The hardware uses a binary number to access a memory cell. This is known as the "address" of the memory cell.
When you store some data in a variable, the compiler will look up the name of the variable and check that the data you want to store is compatible with its type. If it is, it then generates code which will save it in the memory cell(s) at that address.
Since this address is a number, it can itself be stored in a variable. The type of this address variable will be "pointer to T", where T is the type of the data stored in that address.
It is the responsibility of the programmer to make sure that this address variable does correspond to valid data and not some random area of memory. The compiler will not check this for you.
I am working on a system that passes data from one "location" to another. The passing of the data is to be sent as a data block where the sending mechanism knows nothing of its contents but the end points do.
Generally for this type of application I store my data as a block of uint8_t (unsigned 8-bit integers) i.e. bytes.
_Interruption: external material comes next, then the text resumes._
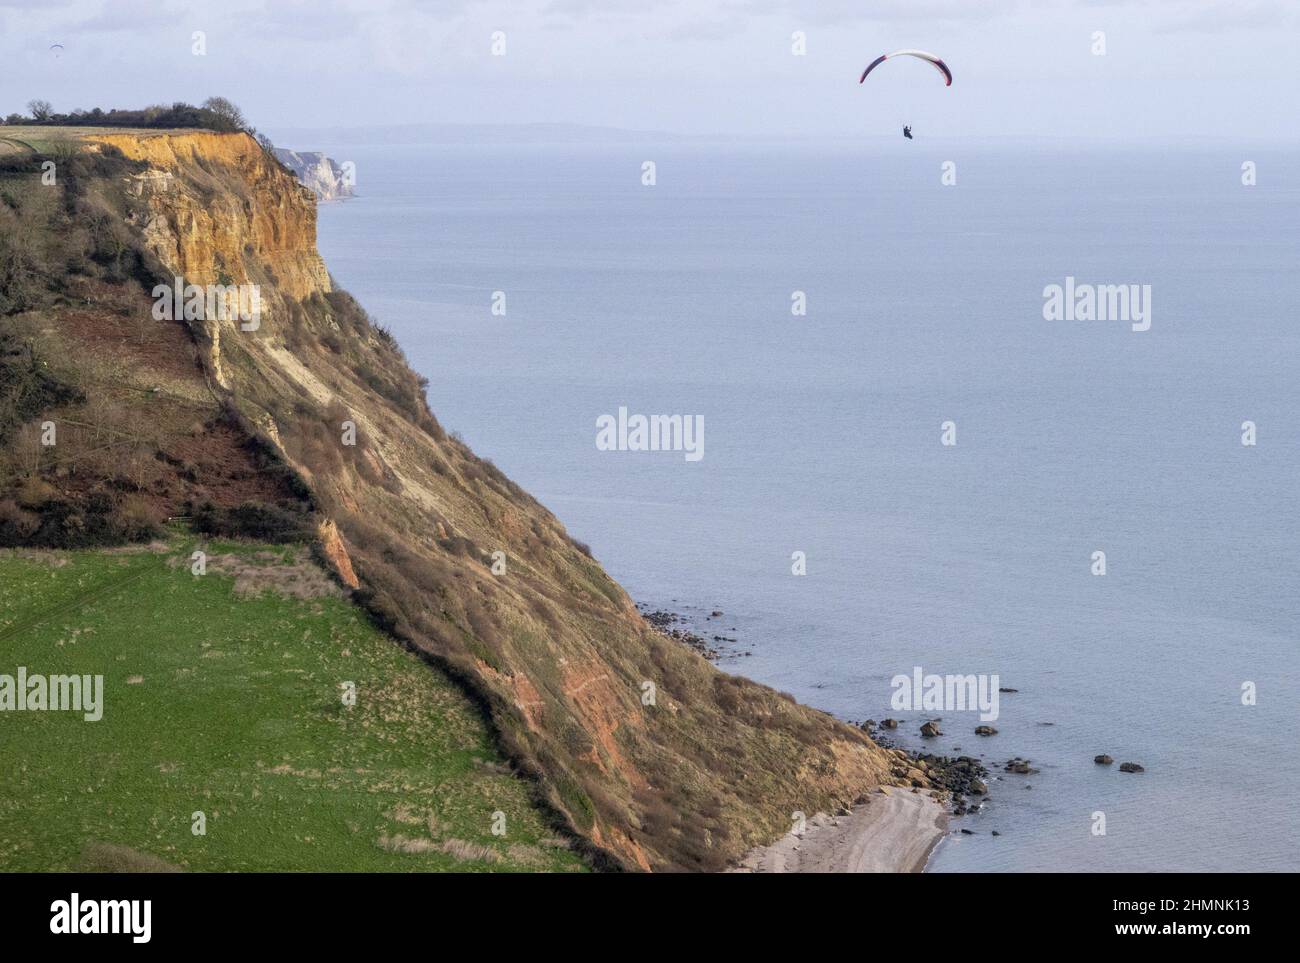 Sidmouth, Devon, 11th Feb 22 A paraglider takes advantage of the warm, still weather to fly out over Salcombe Mouth, near Sidmouth. Credit: Photo Central/Alamy Live News Stock Photo

In one scenario the end points may store int16_t data elements and I will have to use somthing like:
pWord = reinterpret_cast<int16_t *>(pData);
In another scenario it could be:
pMyClass = reinterpret_cast<MyClass *>(pData);
Note: uint8_t *pData;
I have seen others use void* as the "generic" data block, or even char*. In my mind an uint8_t is the most basic kind of element and is the obvious choice, but I am wondering if there is any advantage in using other data types like void*. For example are there conversion rules for void* such that you can use static_cast instead of reinterpret_cast?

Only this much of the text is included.